Every picture should be left out, but the lines below must be repeated exactly.

Source material:
-=-=-
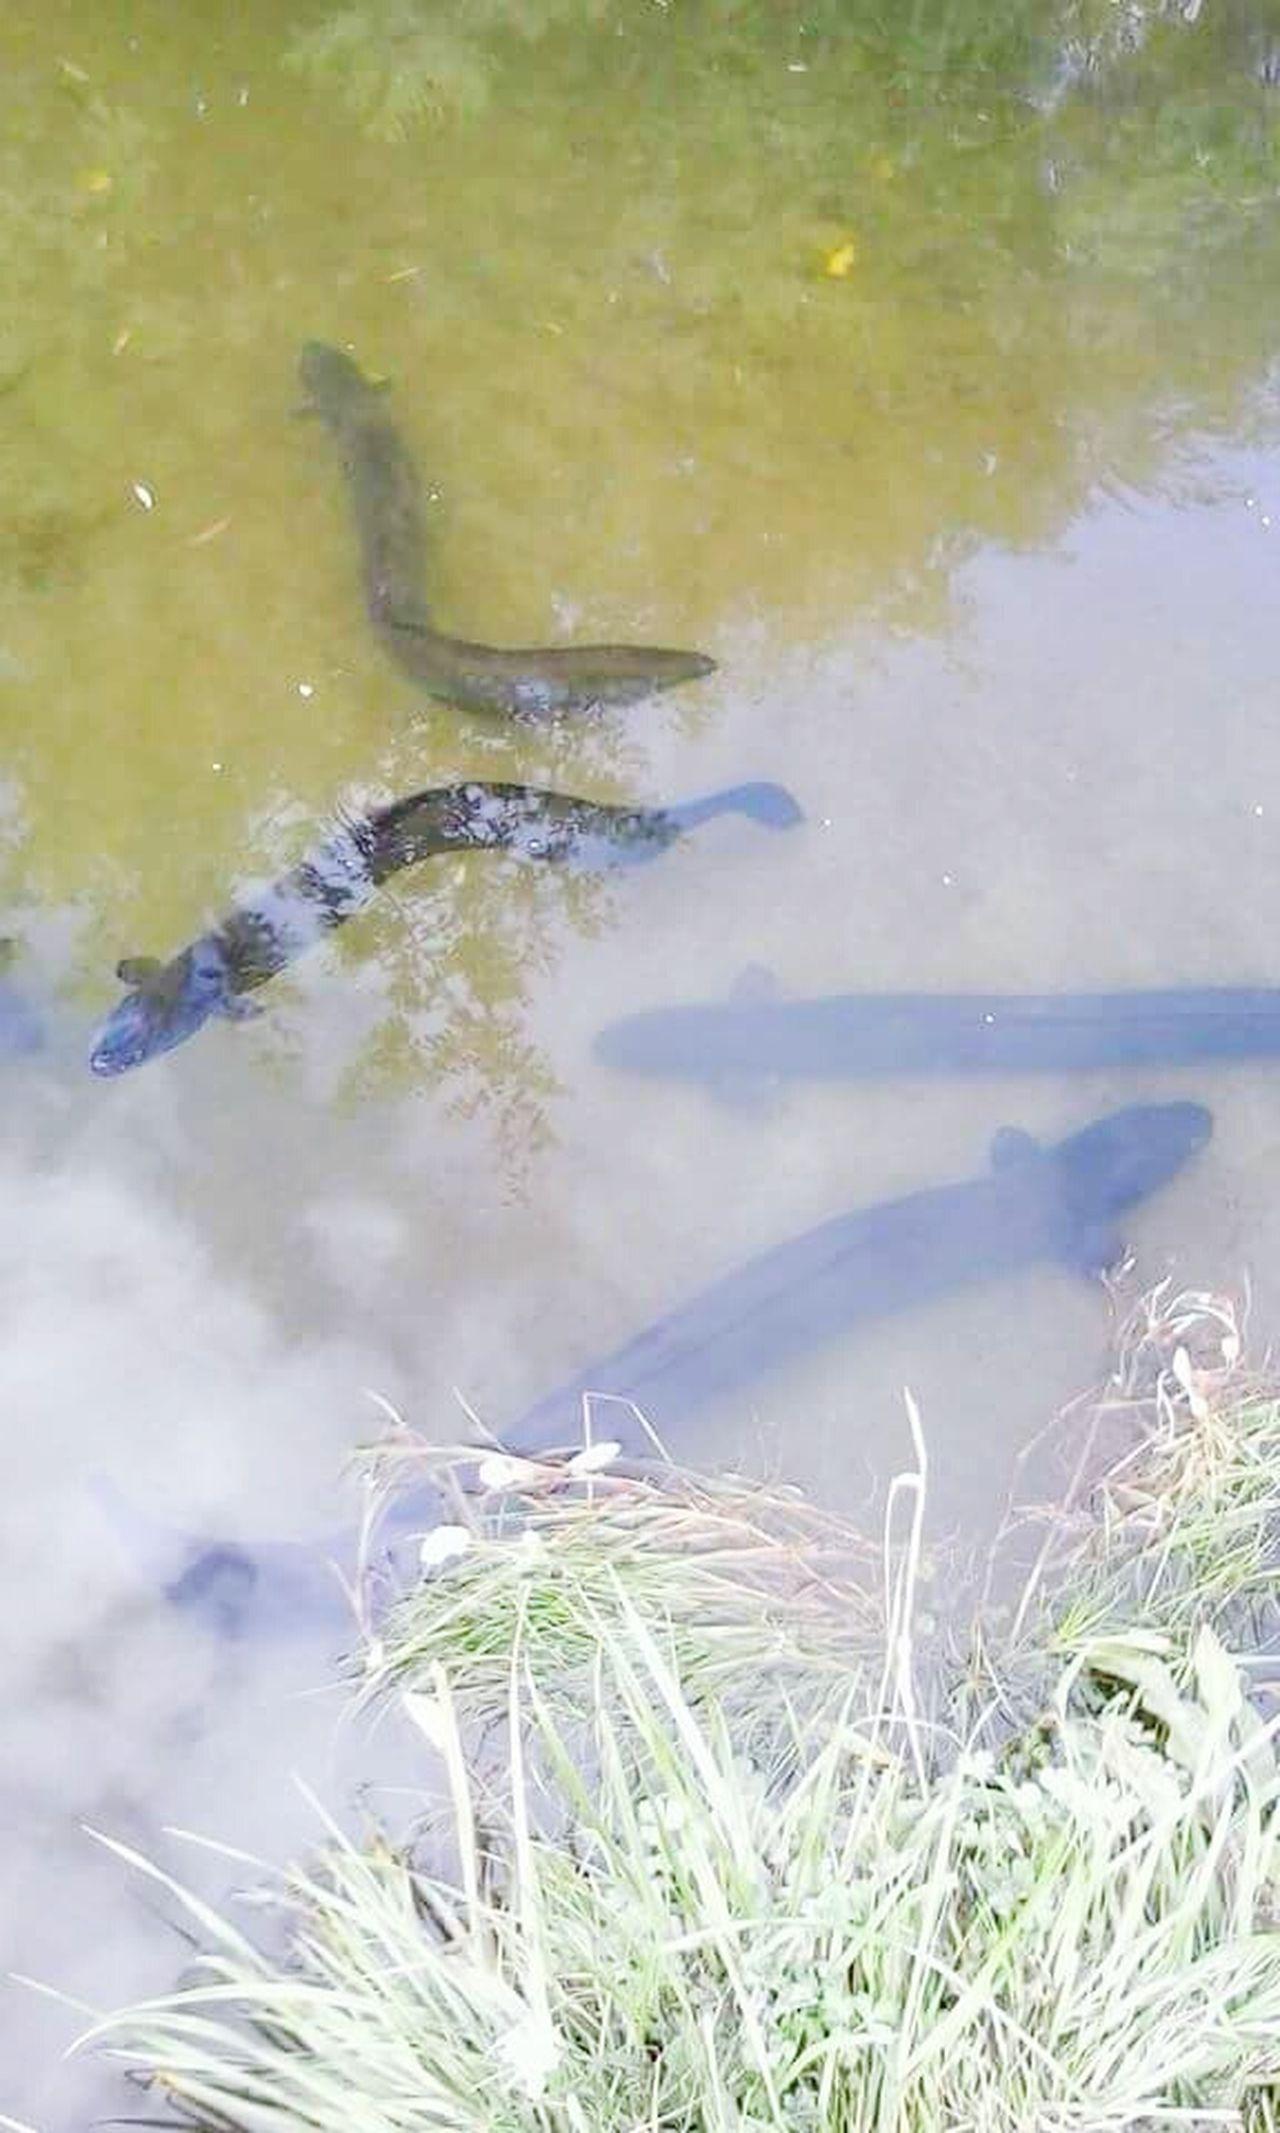 Pond Life Creeklife Stream Life Eels Slippery Yum Yum
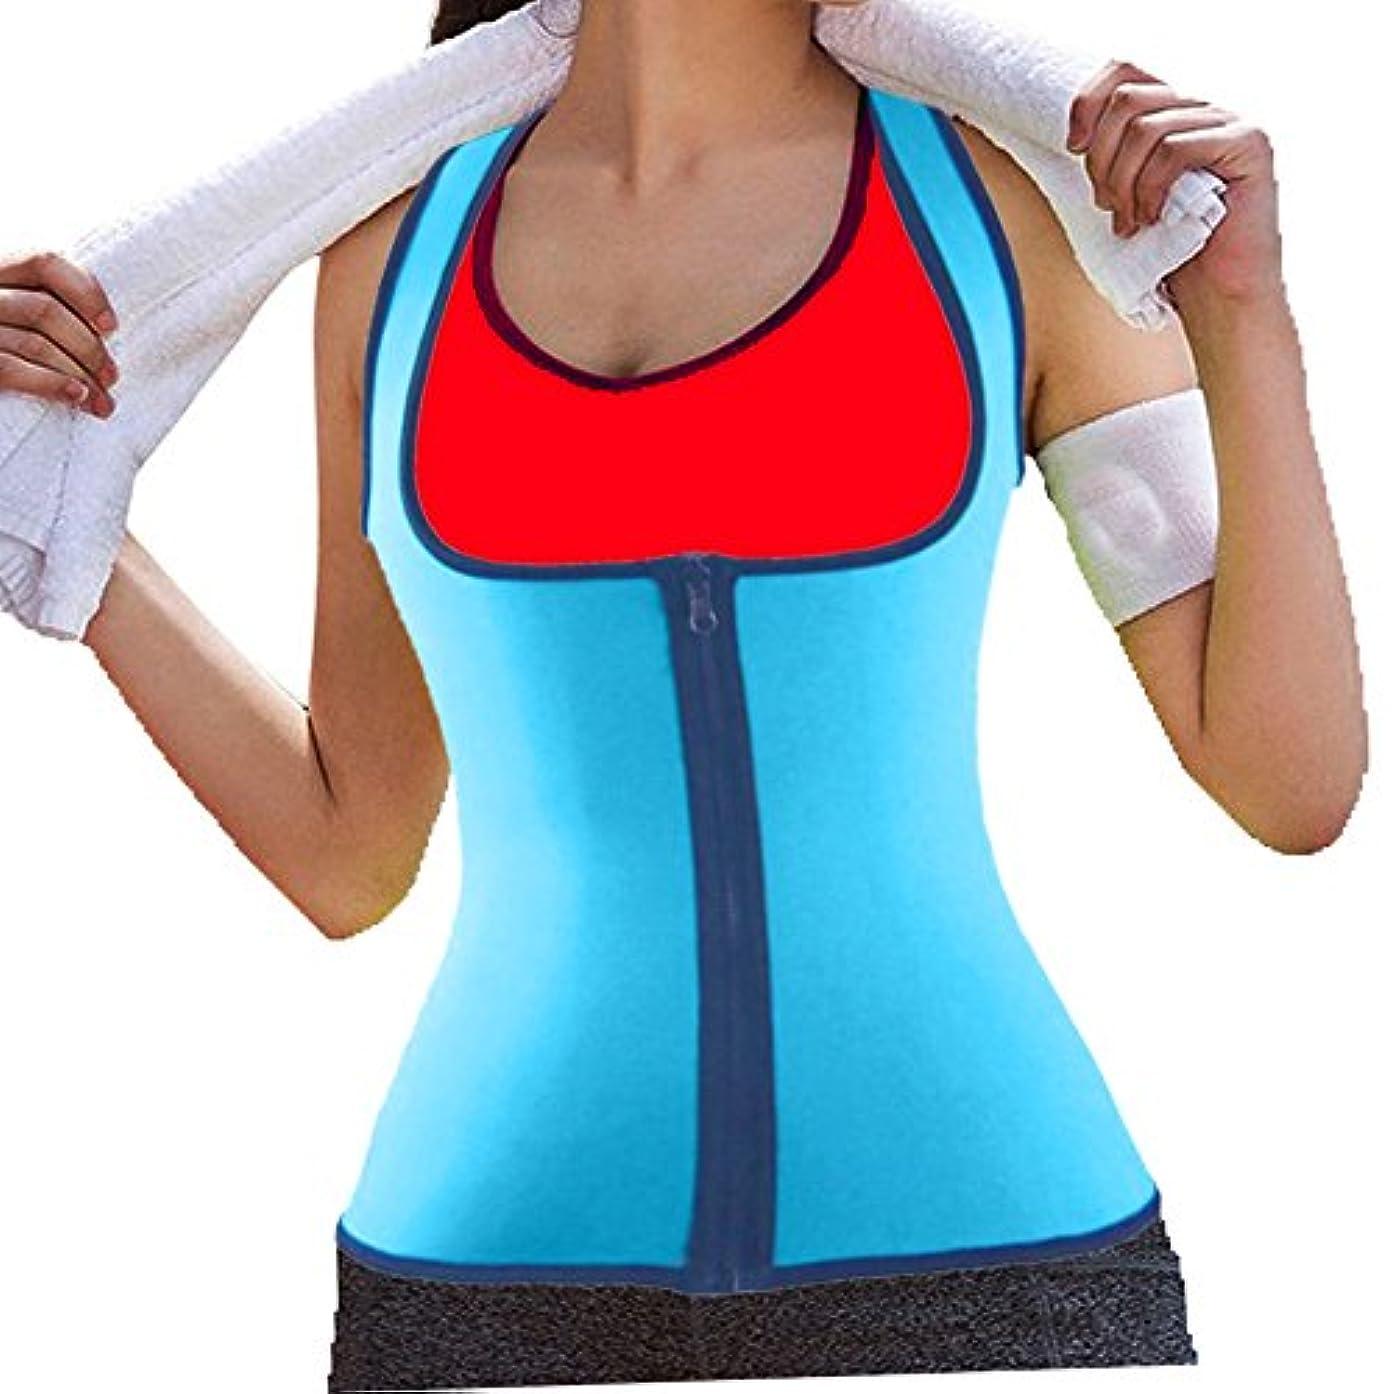 いつも地上のゴネリルDODOINGネオプレンボディシェイパースリミングウエストサイズシャツトレーナー腹部ウエスト補正下着ベストのジッパーの重量損失
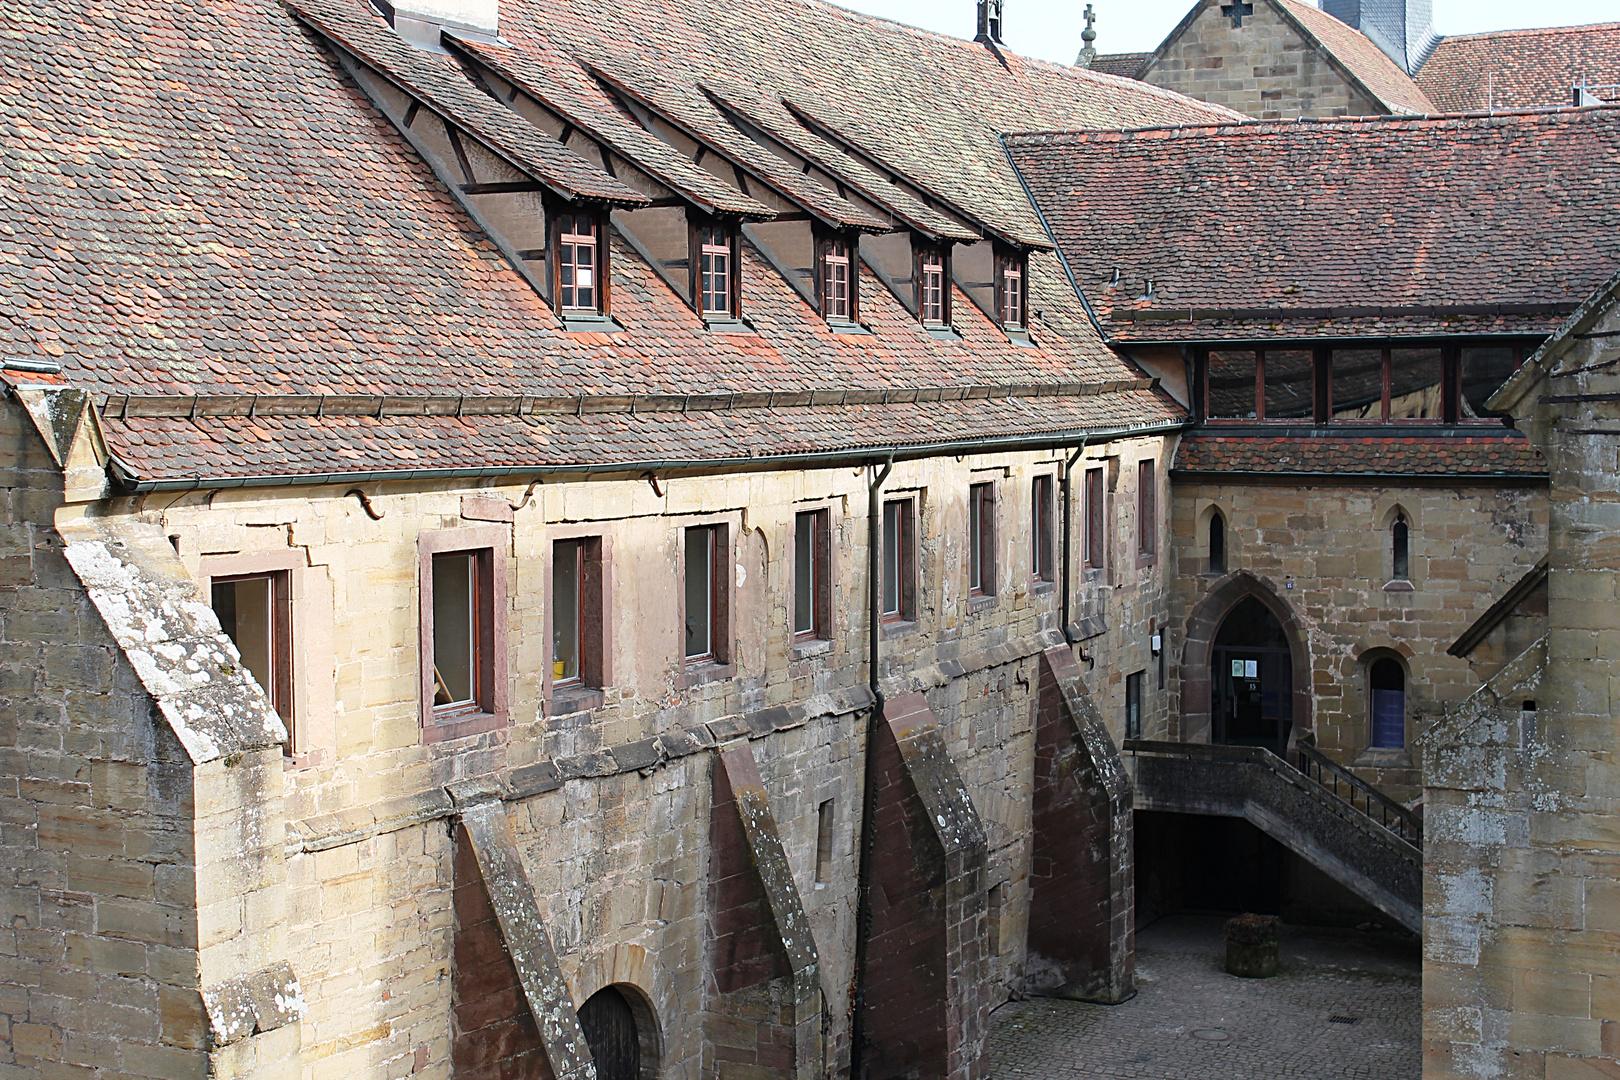 Kloster Maulbronn 3
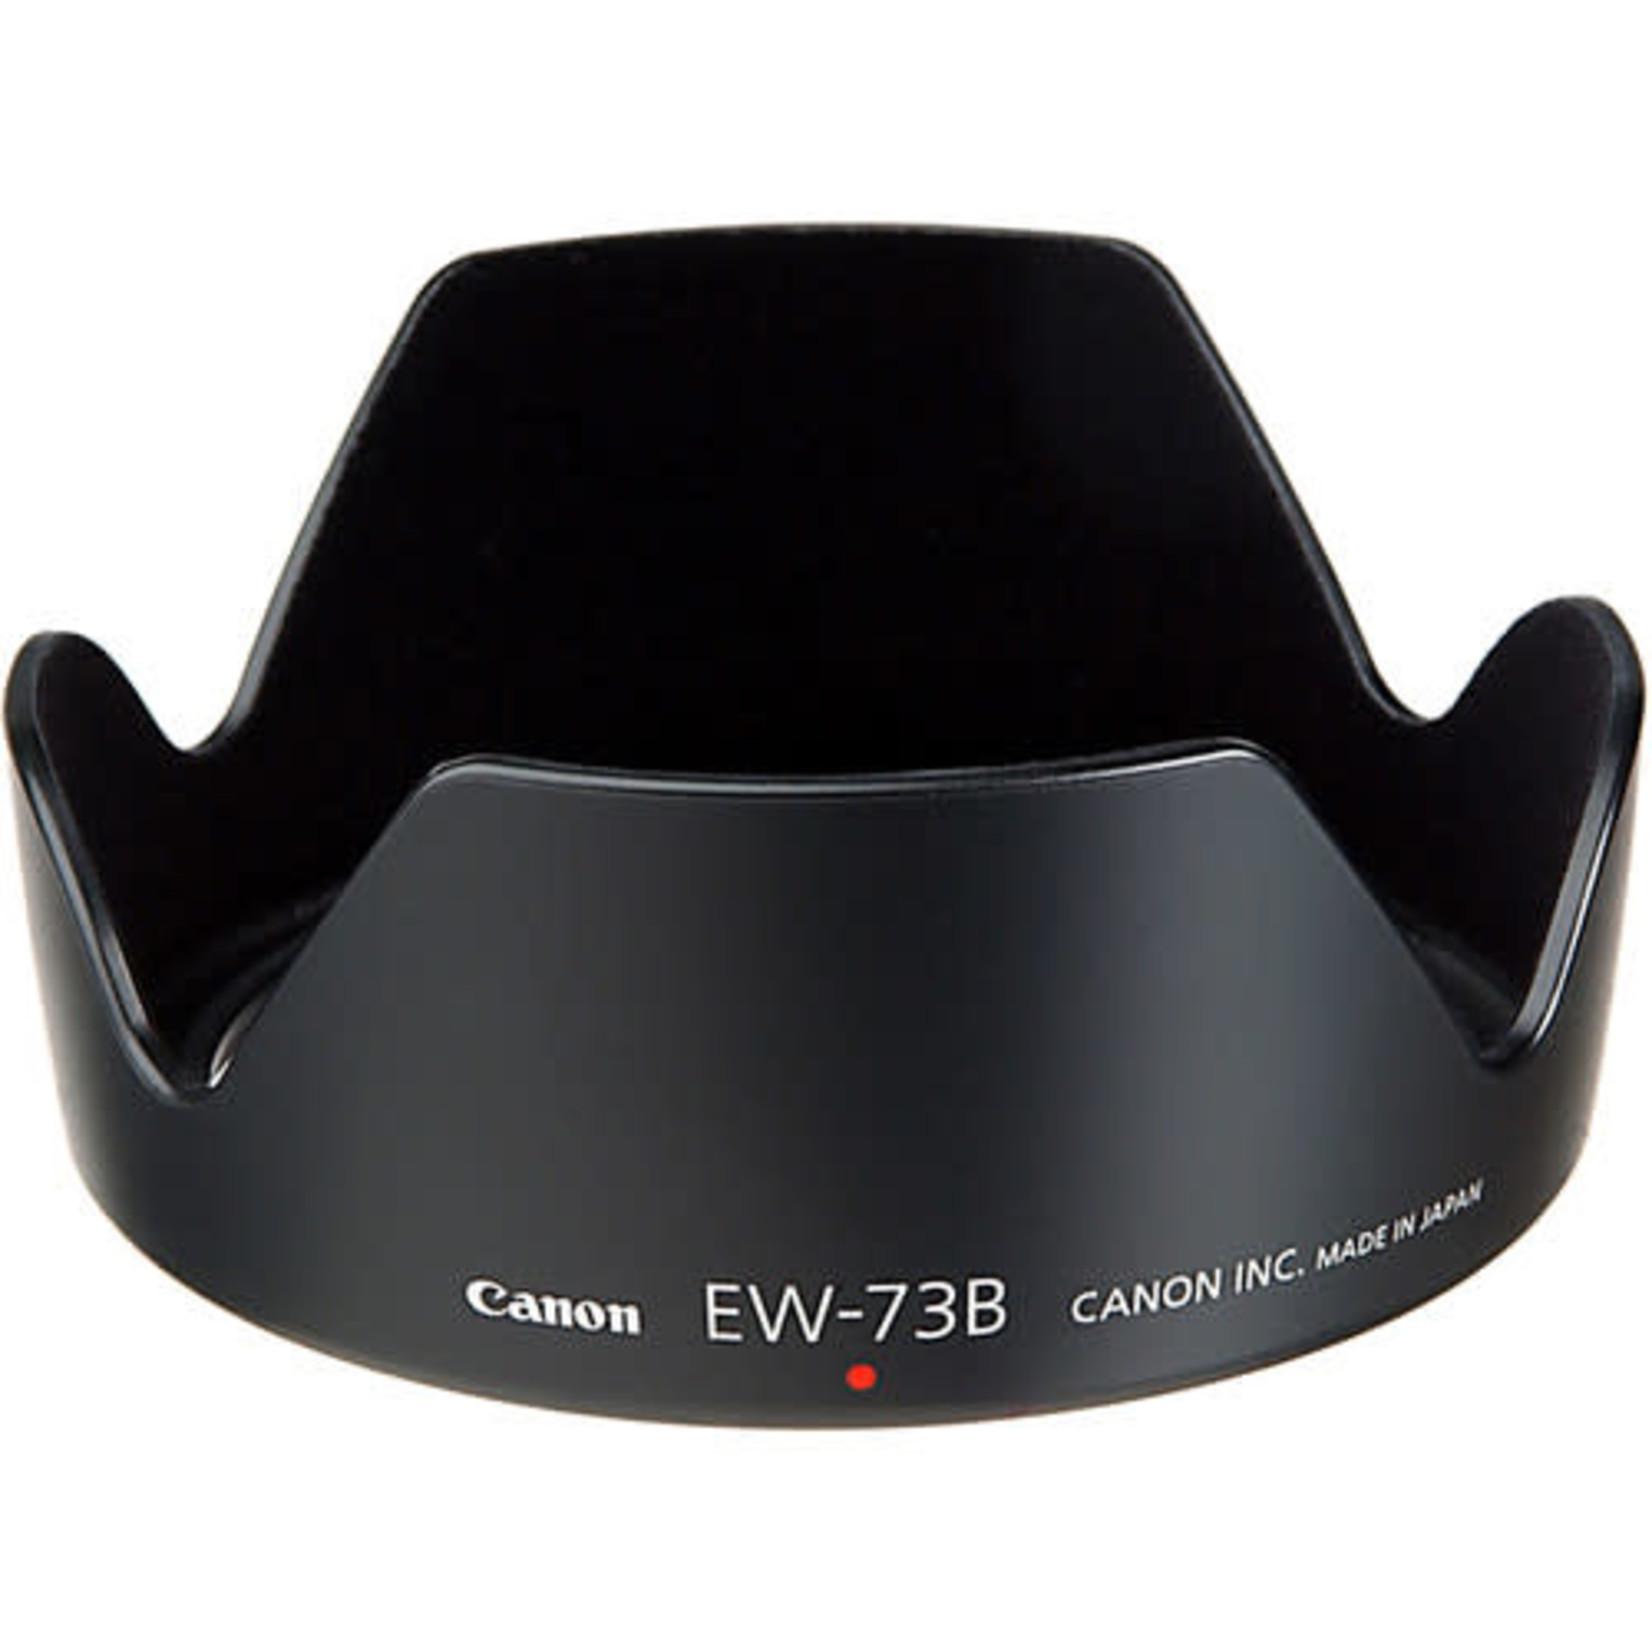 Canon Canon EW-73B Lens Hood
-=-=-
Answer box:
 Pond Life Creeklife Stream Life Eels Slippery Yum Yum
 いつも地上のゴネリルDODOINGネオプレンボディシェイパースリミングウエストサイズシャツトレーナー腹部ウエスト補正下着ベストのジッパーの重量損失
 Kloster Maulbronn 3
 Canon Canon EW-73B Lens Hood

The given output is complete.